- [AIM OF THE TASK]: The pictures stay out; all of the data is to be printed exactly.

- [DATASET SECTION]:
========================================================================

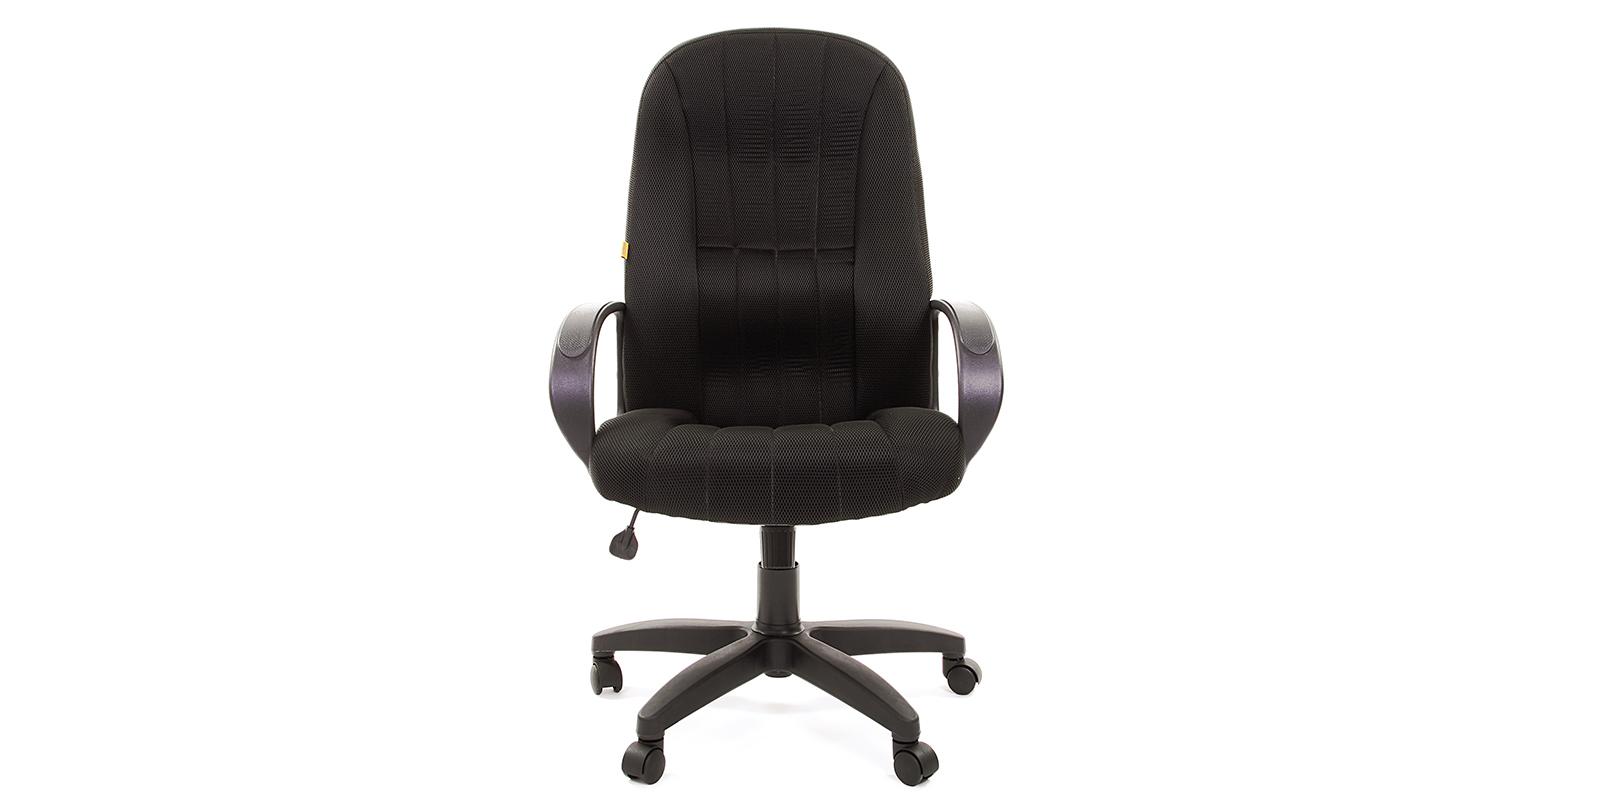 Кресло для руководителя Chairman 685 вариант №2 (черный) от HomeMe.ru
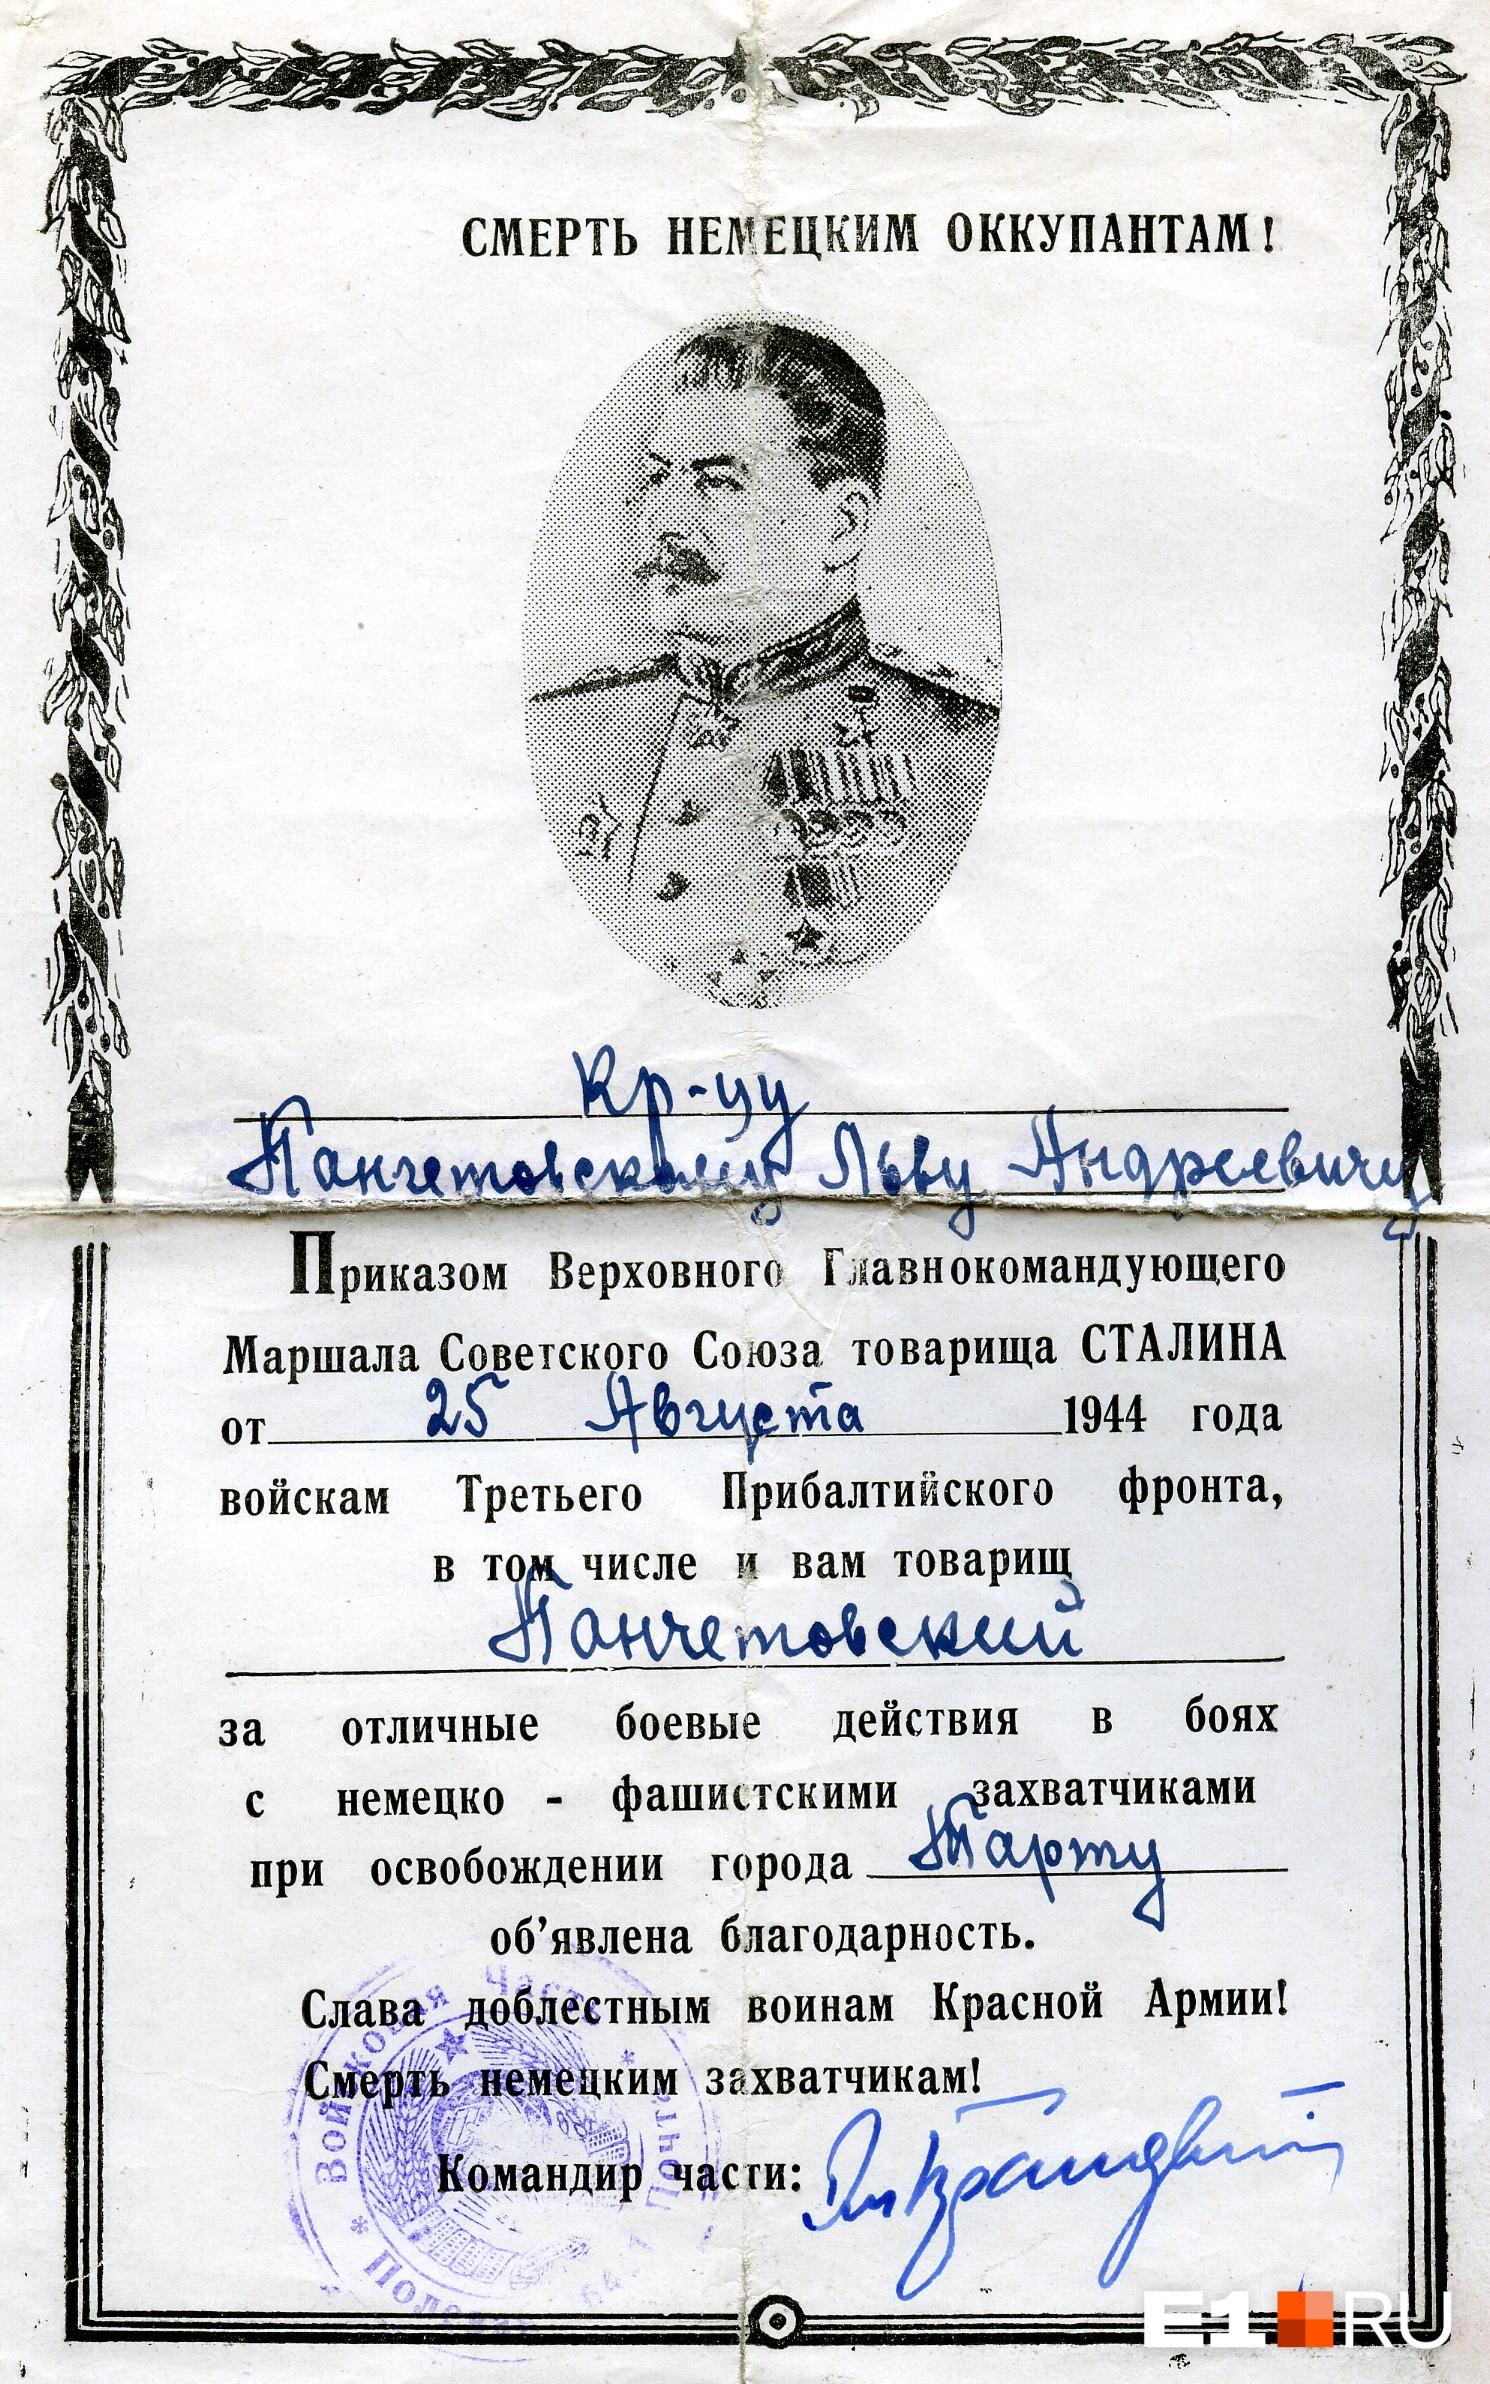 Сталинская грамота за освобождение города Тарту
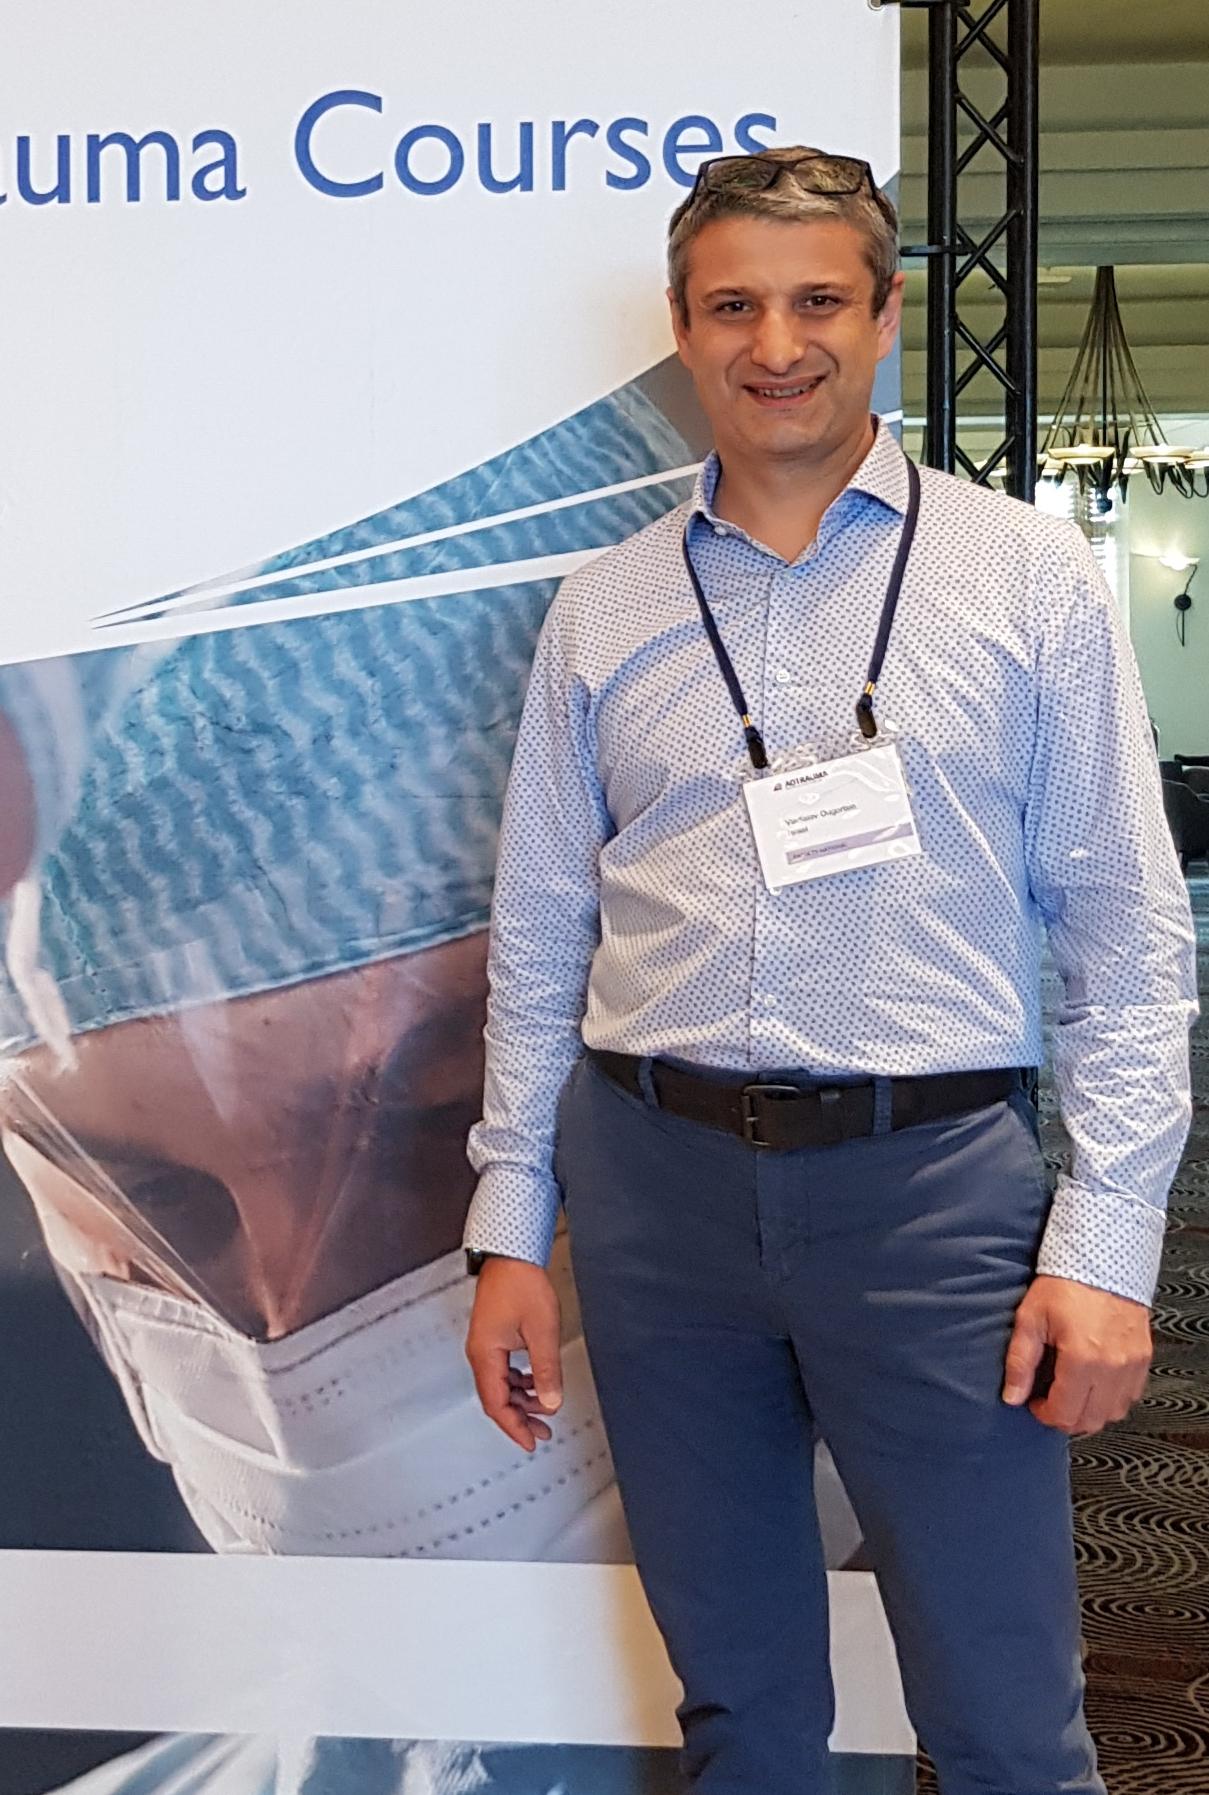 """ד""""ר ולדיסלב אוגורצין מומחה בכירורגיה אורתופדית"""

========================================================================

- [RESPONSE BELOW]:
 Кресло для руководителя Chairman 685 вариант №2 (черный) от HomeMe.ru
 Сталинская грамота за освобождение города Тарту
 """ד""""ר ולדיסלב אוגורצין מומחה בכירורגיה אורתופדית"""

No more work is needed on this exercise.